What Is George Will Doing At Fox News?

Here's a quick synopsis of George Will's last five columns for the Washington Post: bemoaning the politicization of the Federal Reserve Board; tracing the history of isolationism; counseling Republicans to let Obamacare stumble on its own; inveighing against college football's corruption and lawlessness; and examining the legacy of the Bay of Pigs invasion. In those five columns, Will cited a proposed constitutional amendment from 1938, used the phrases “semantic infiltration” and “perverse fecundity,” and quoted Ernest Hemingway and H.L. Mencken. He has degrees from Oxford and got his Ph.D from Princeton.

All this to say that George Will is a brainy fellow who enjoys a broad array of scholarly pursuits and has a long-running reputation as a public intellectual. And that's why it's kind of baffling that he's joining Fox News.

To be clear, Will's conservative politics and his counterfactual denialism of climate change fit the Murdoch network hand-in-glove. And he's an old, white conservative man joining what is basically the ongoing televised celebration of old, white conservative men. But the barking partisanship of Fox News and its crude appeals to cultural resentment don't mesh with Will's style of commentary and analysis. You look at George Will, in all his carefully cultivated patrician nerdiness, and the Fox News environment just seems wrong for him. He revels in elitism, whereas Fox News sops to Tea Party anger. Being associated with that does nothing for the George Will “brand,” if that's the right word for it. In fact, it probably hurts it.

Will spent the past three decades as an analyst for ABC News, and according to news reports he left the network in part because This Week, on which he appeared regularly, is now filmed in New York instead of Washington, DC. It's not certain how Fox will use Will -- Huffington Post reports that he is “set to contribute to programs across the channel” -- though it seems likely that he'll follow the example of his Washington Post (and now Fox News) colleague Charles Krauthammer and appear mainly on programs like Special Report and Fox News Sunday, which tend more staid than the primetime shouting matches. Of course, Krauthammer (who does have more of a partisan edge to him) has appeared on Hannity's and O'Reilly's programs over the years, so anything is possible. But can you really imagine George Will on the set of Hannity, referencing the Battle of Agincourt or quoting Kenesaw Mountain Landis in between Sarah Palin's “you betcha”-spiked word salads?

To that point, what does Fox News think they're getting out of George Will? Yes he's conservative and yes he'll throw a few harsh ten-dollar words at Barack Obama or whichever Democrat happens to be in the news, but they already have a deep bench of pundits who fit that description. He's not the most exciting television personality, though ABC's George Stephanopoulos praised his departing colleague as “brilliant” and “a consummate gentleman,” so he'll be hugely popular among the Beltway types and establishment Republicans who have a weakness for measured tones and gravitas.

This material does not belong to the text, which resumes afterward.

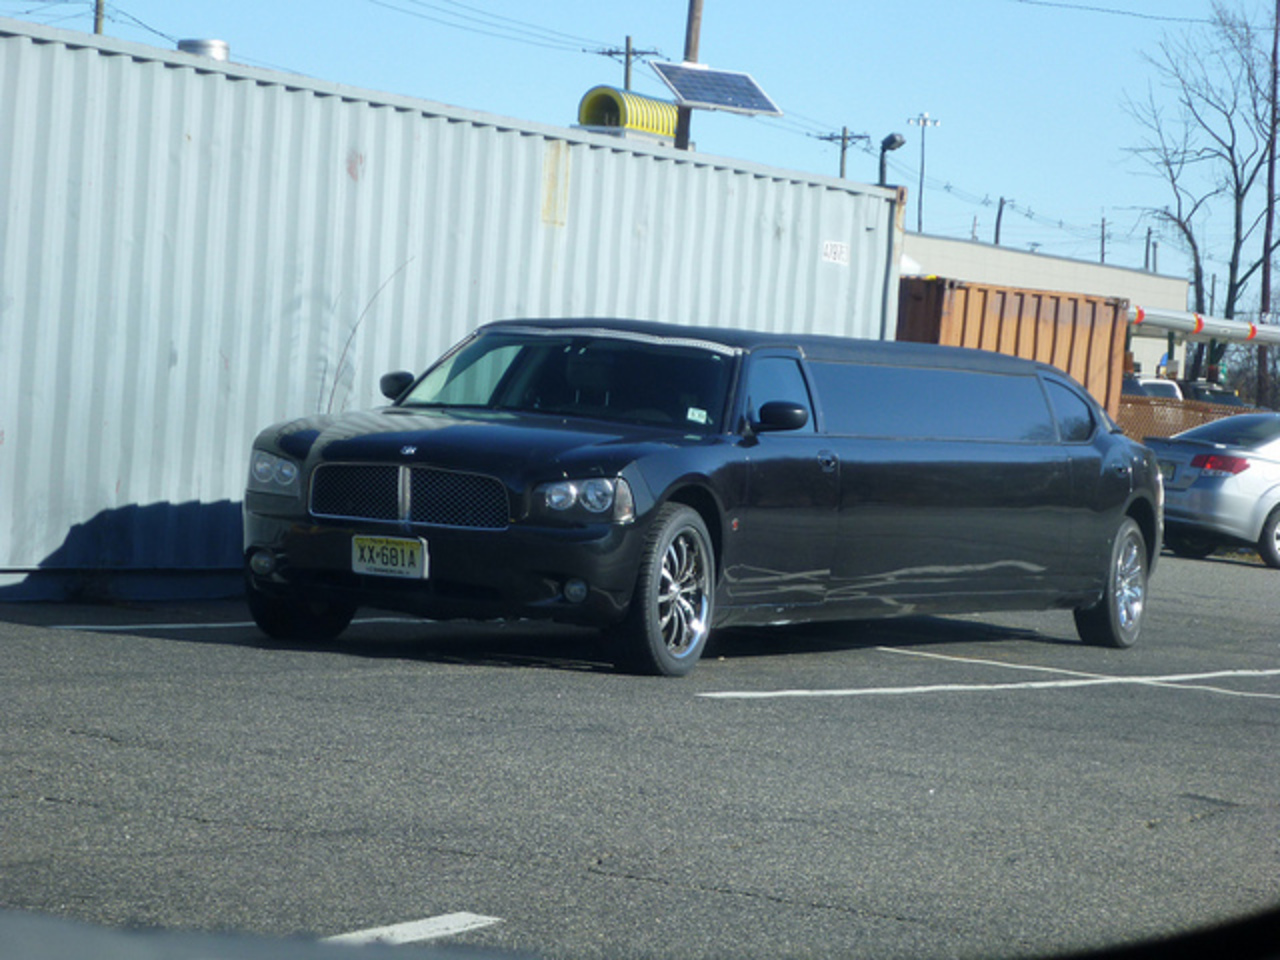 Stretch Dodge Charger limo | Flickr - Photo Sharing!

However, Fox News' simpatico relationship with the Tea Party has led it to be at times openly contemptuous of those same establishment Republicans and conservatives. Back when Donald Trump endorsed Mitt Romney for president, Will derided Trump on ABC, in typical George Will style, as a “bloviating ignoramus” whose endorsement would only harm the Republican candidate. Fox News' pundits and talkers sided with Trump over Will. 

“You know what Donald Trump represents?” asked Eric Bolling on the May 29, 2012 edition of The Five. “He represents a new Republican -- a new GOP, a new conservative, where it's not old, established George Will, boring out of their mind. Bore out of your mind listening to him in Washington.” Bolling's co-host Andrea Tantaros chimed in: “He seems so snobby, George Will, when he said that. That just seems like a cliquey, snobby, elitist comment he made.”

And now this cliquey, snobby elitist is, for some reason, their colleague.